#### Task directions
Print the whole listing below exactly as given, pictures excluded.

#### Data segment
◇ ◇ ◇ ◇ ◇ ◇ ◇

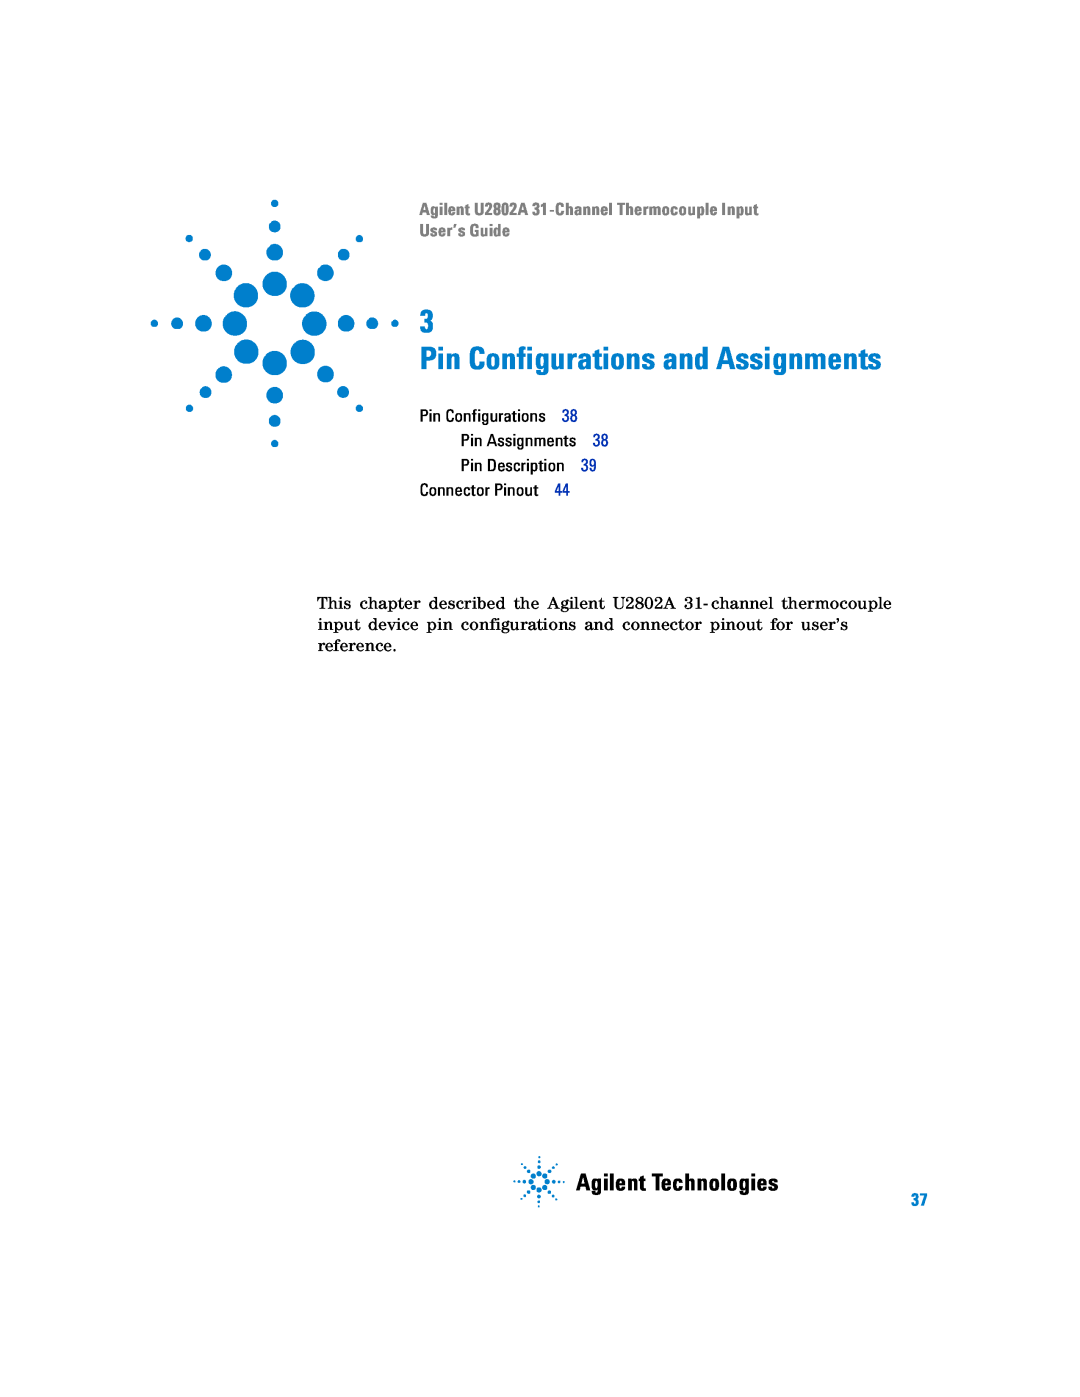 Agilent Technologies U2802A manual Pin Configurations and Assignments, Agilent Technologies, User’s Guide 
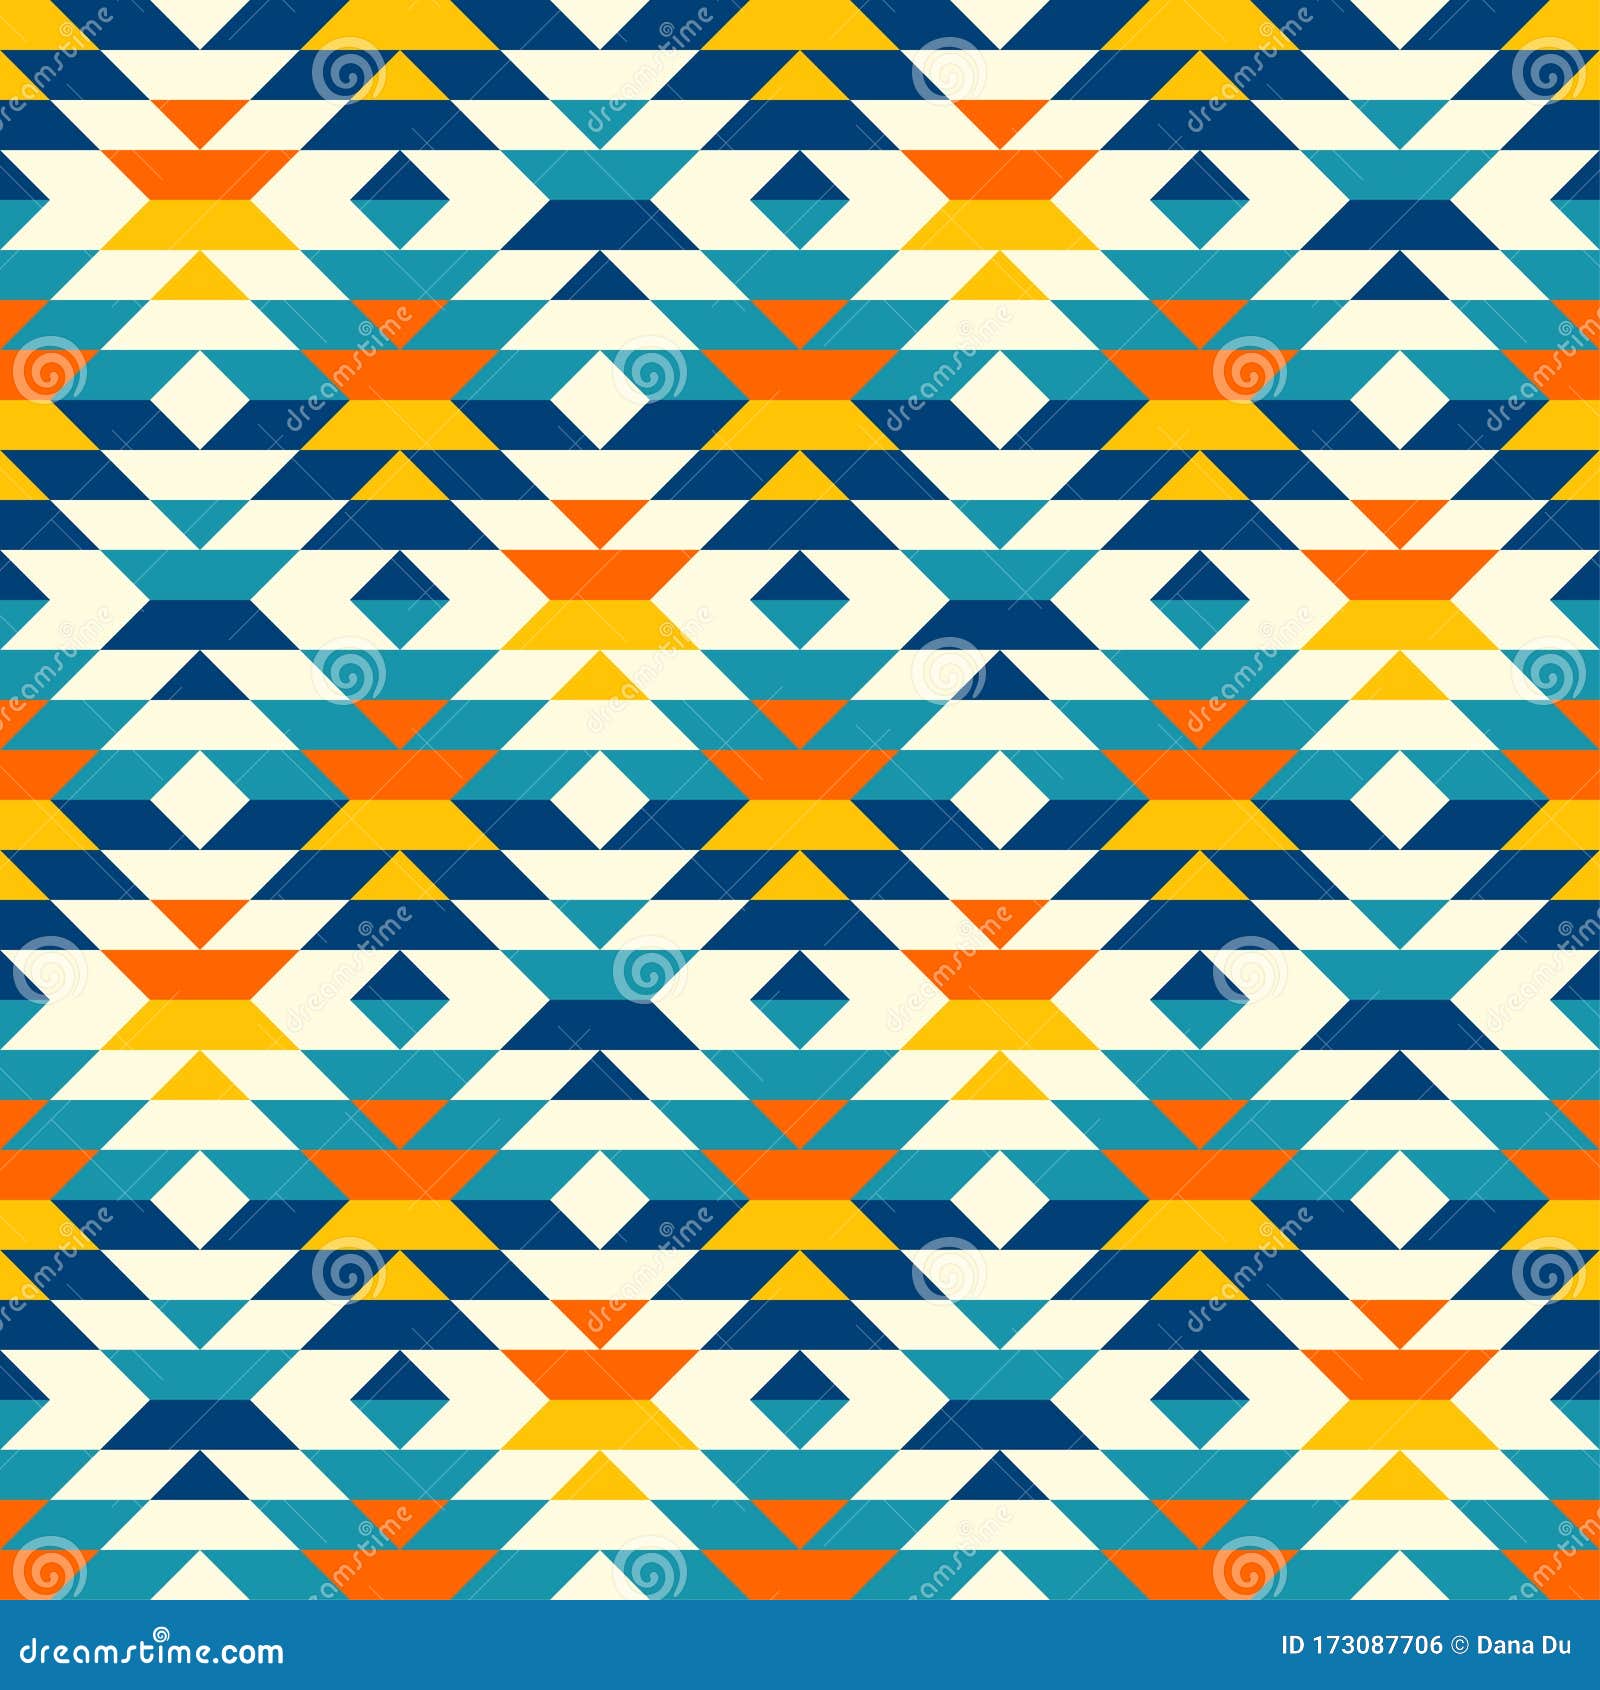 bohemian large aztec diamonds blue pattern
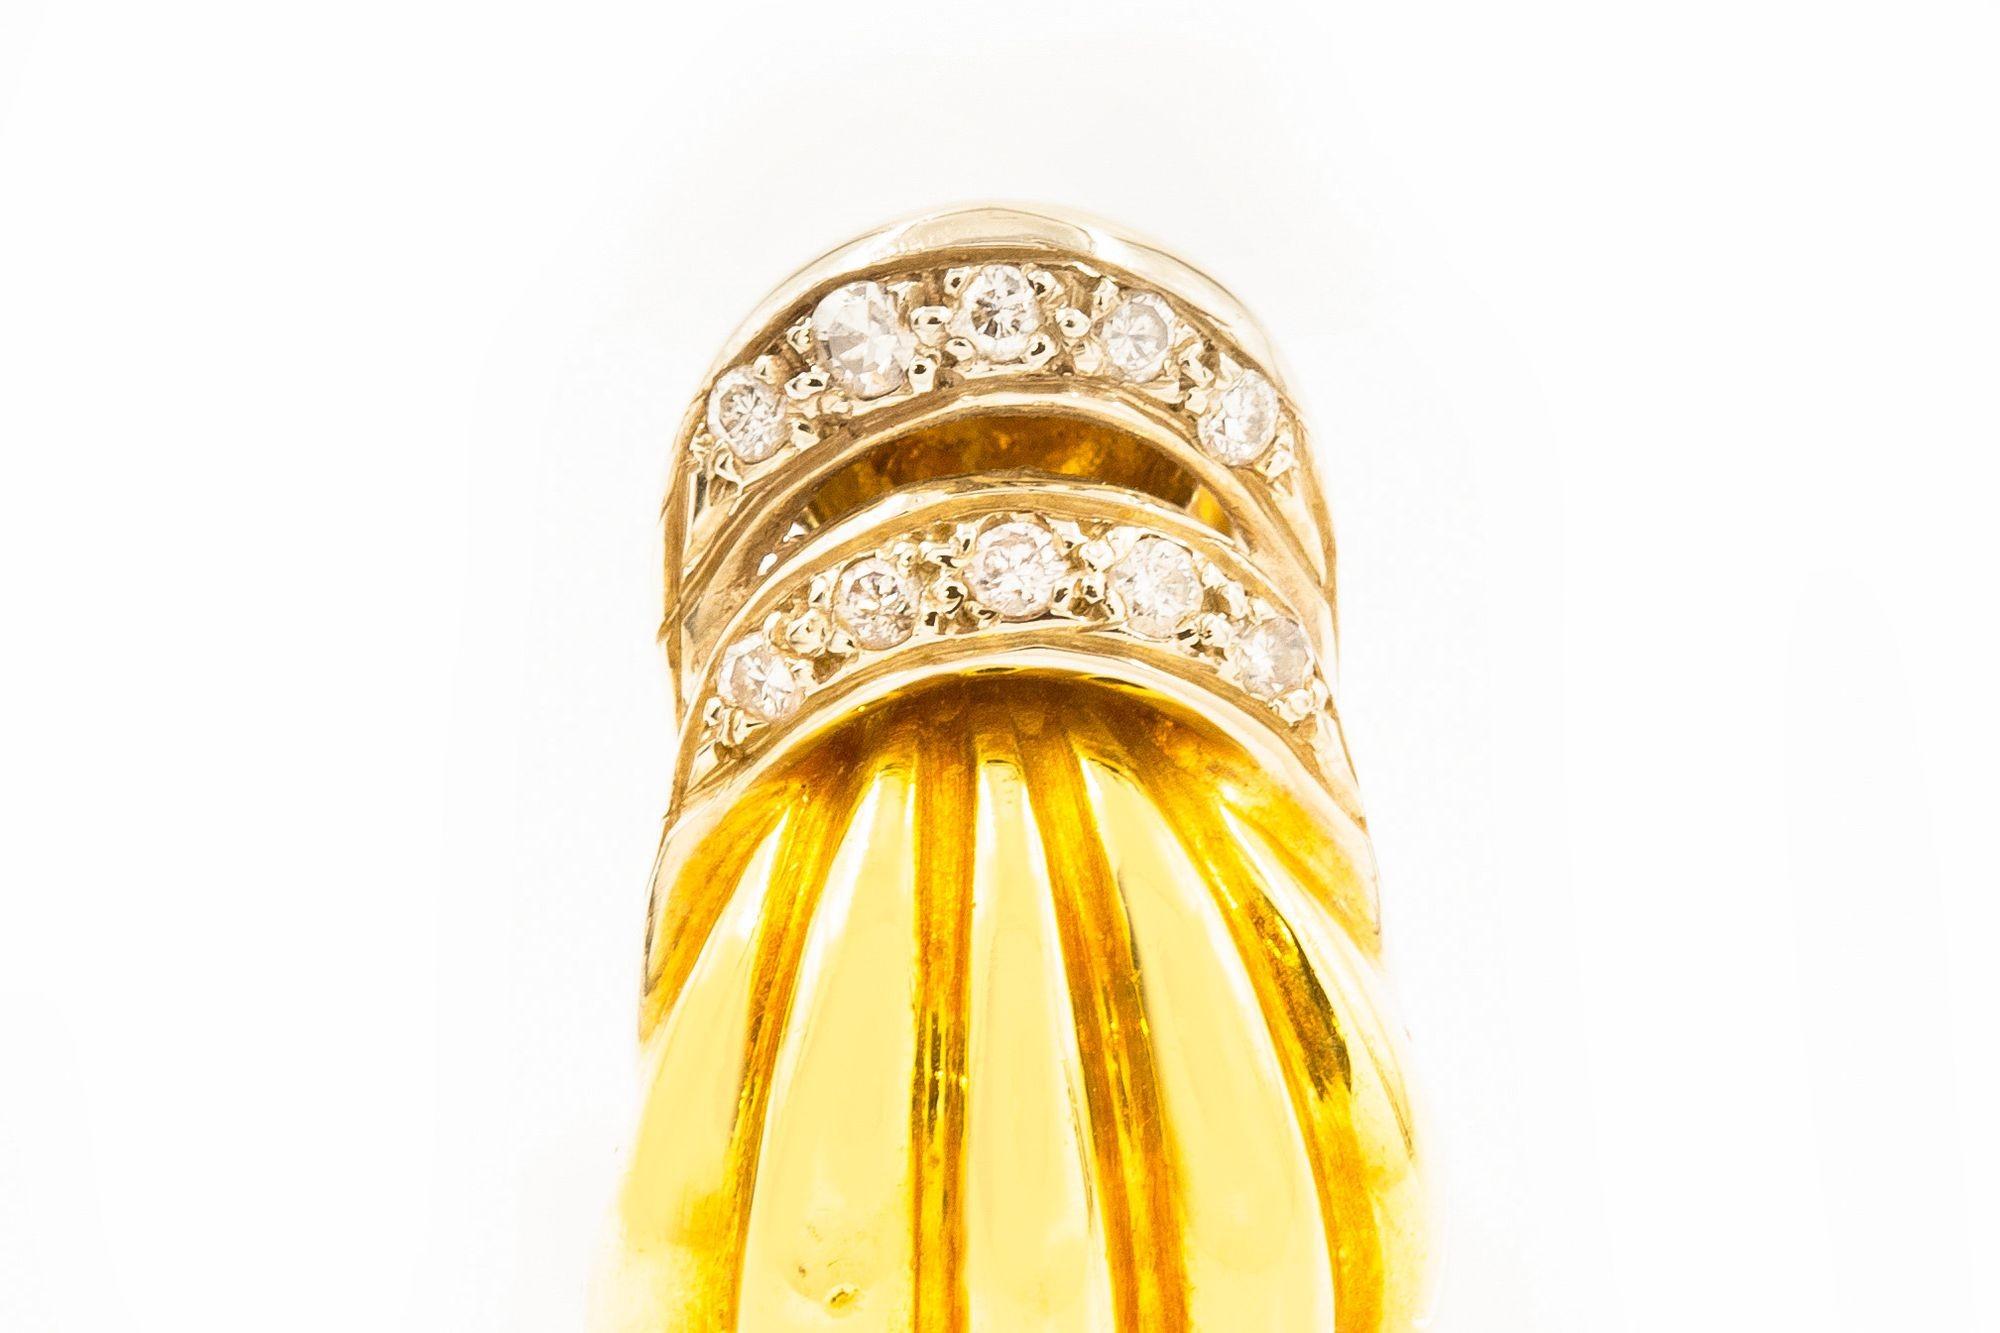 Pair of 18K Yellow Gold & Gemstone Swirl Earrings For Sale 4

◇ ◇ ◇ ◇ ◇ ◇ ◇

#### Result of this exercise
 Agilent Technologies U2802A manual Pin Configurations and Assignments, Agilent Technologies, User’s Guide 
 bohemian large aztec diamonds blue pattern
 Pair of 18K Yellow Gold & Gemstone Swirl Earrings For Sale 4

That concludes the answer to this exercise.